Казалось бы, теперь я могла вздохнуть свободно, нырнуть в омут с головой в работу над новыми проектами и смело идти навстречу мечте. Но все оказалось не так-то просто. Поначалу, я была настолько счастлива вырваться, наконец, из-под чрезмерной опеки родителей, что старалась наслаждаться семейной жизнью, откладывая все свои планы на потом. А потом все как-то закрутилось, выработался график, в котором не было места для воплощения моих идей в жизнь. Теперь я должна была считаться с мужем, планируя свое времяпровождение, а это было весьма сложно, ведь у него всегда находились более важные причины, чтобы заставить меня уступить.
Неужели она сейчас выходит? Какая удача! Сесть возле окошка и смотреть на унылые лица прохожих, мысленно хоронивших остатки воспоминаний о промчавшихся выходных, о которых грезили пять дней подряд. Нет, я не смеюсь над ними! Напротив, вижу в их потухшем взгляде свое отражение и невольно вспоминаю, как аккуратно записывала в ежедневник, чем хочу заняться в субботу и в воскресенье, заранее зная, что напрасно себя обнадеживаю, ведь еще ни разу не придерживалась составленного плана действий.
Но пару лет назад на меня нашло озарение. Я ощутила в себе необъяснимую потребность покопаться в своих старых чертежах, а когда до них добралась, то не могла остановиться. На работе я все свои идеи записывала в блокнот, а дома, наспех поужинав, перечитывала заметки по несколько раз и до полночи сидела перед монитором или куском ватмана с карандашом в руках. Надо отдать должное моему мужу, ведь он ни разу не упрекнул меня за отчужденность, лишь изредка заглядывая ко мне в комнату, не смея отвлекать от работы. В такие моменты мне казалось, что передо мной открываются все тайны мироздания, и я становлюсь неотъемлемой частью чего-то великого и недосягаемого.
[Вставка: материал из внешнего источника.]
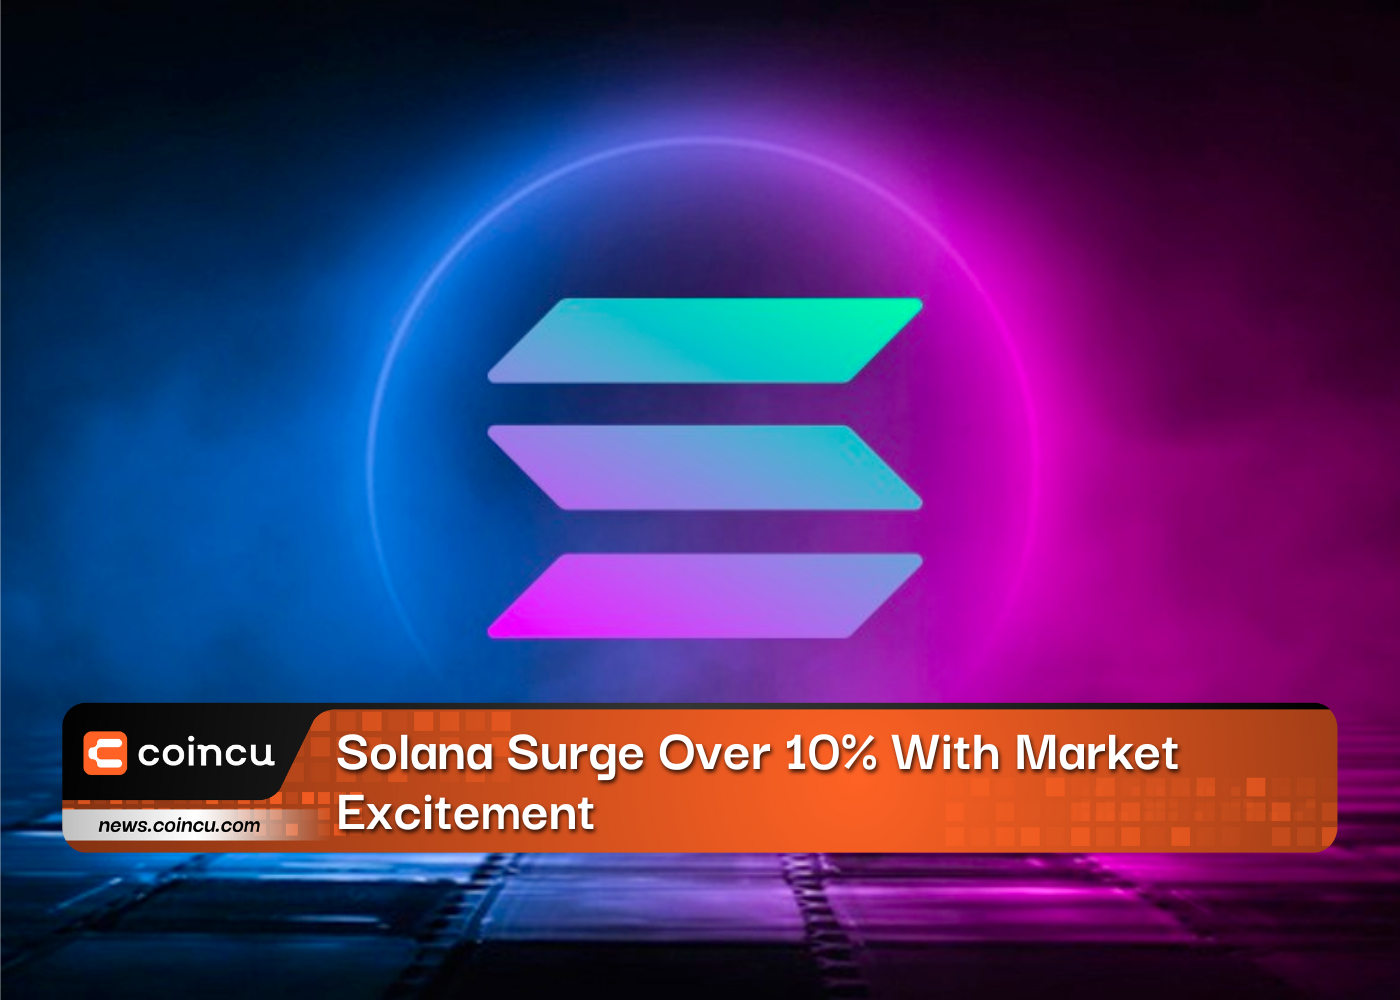 Solana Surge Over 10% With Market Excitement

Спустя полгода бессонных ночей мой проект был полностью готов. Я с замиранием сердца показала его своему мужу, который, как и полагается цензору, сначала слегка похвалил, потом акцентировал внимание на слабых сторонах, а затем, подытожив все вышесказанное, заявил, что работа выдалась на славу. И он, используя все свои связи, организовал мне небольшую презентацию перед ежегодной конференцией по архитектуре и дизайну.
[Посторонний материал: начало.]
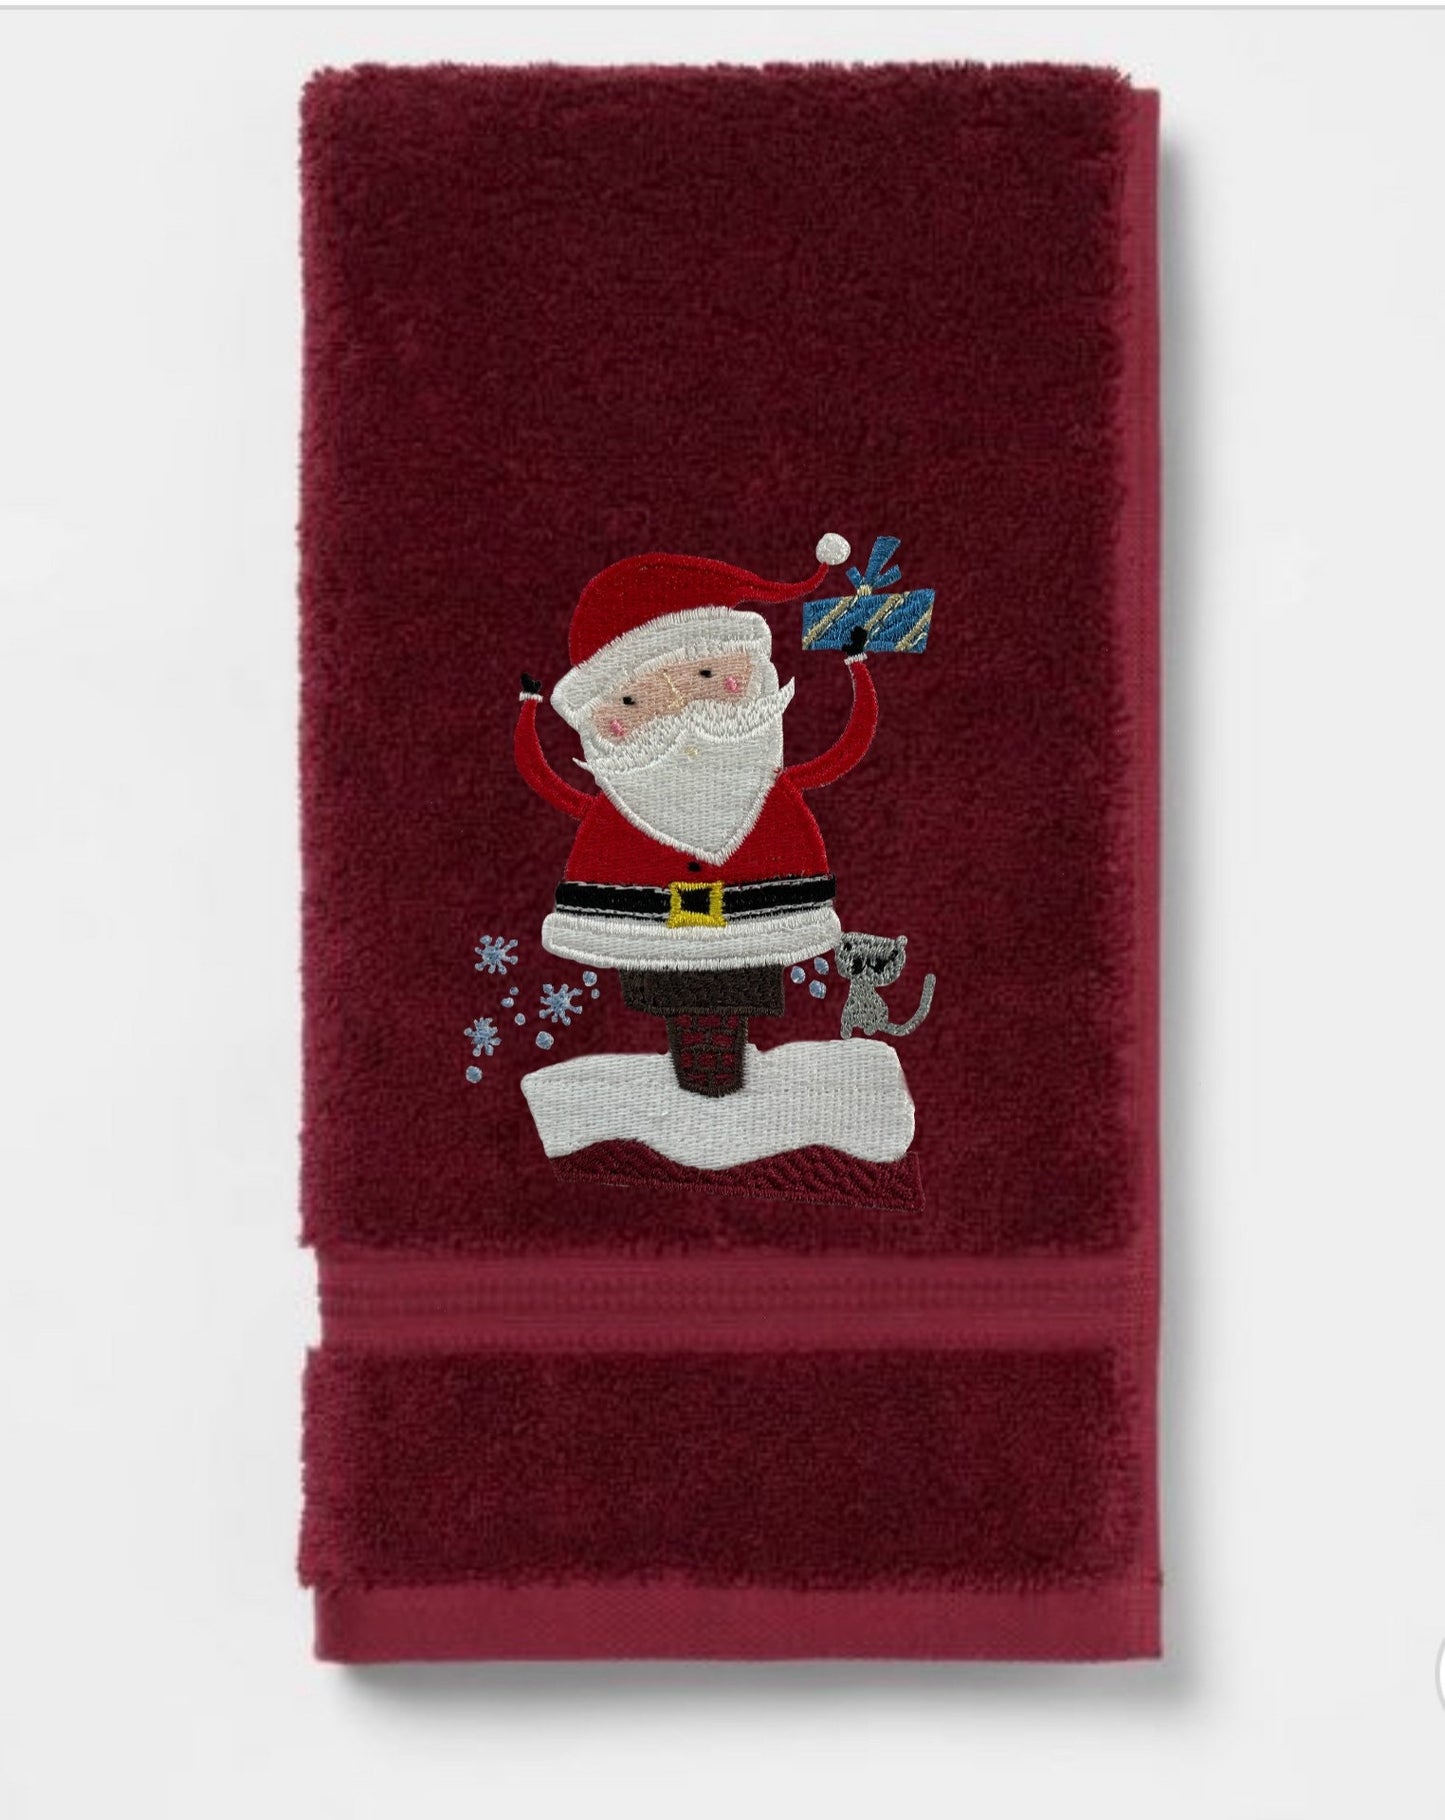 Embroidered Christmas Santa Bath Towels. 100% Cotton Hand or Fingertip Towel

Признаться честно, две недели пролетели в каком-то радостном/нервном/возбужденном состоянии. Я очень смутно понимала, что происходило вокруг, мысленно воображая себя на вершине пьедестала, но обволакивающее/убаюкивающее чувство эйфории в один миг испарилось, когда я случайно наткнулась в интернете на статью об одном японском изобретателе. Выяснилось, что он около года назад представил миру работу, как две капли воды похожую на мою. Я уставилась в монитор немигающими глазами и не могла сообразить, что же мне теперь делать. Сначала я злилась/ругалась, затем отрицала/плакала/негодовала, но понимала, что бессильна перед фатальным стечением обстоятельств. Подумать только, какое роковое совпадение! Двум совершенно незнакомым людям с разных уголков планеты в одно и тоже время приходит в голову одна и та же идея. Я знаю, что в истории такое случалось ни один раз, но все же не могла не удивляться абсурдности ситуации.
Как ни умолял меня муж взять себя в руки и воспользоваться шансом, чтобы познакомиться с элитой современной архитектуры, гениями новейшего строительства, я была непоколебима. Я считала ниже своего достоинства распинаться перед пресыщенной публикой, изображая свои идеи революционными, когда они выглядят всего лишь чьей-то жалкой копией.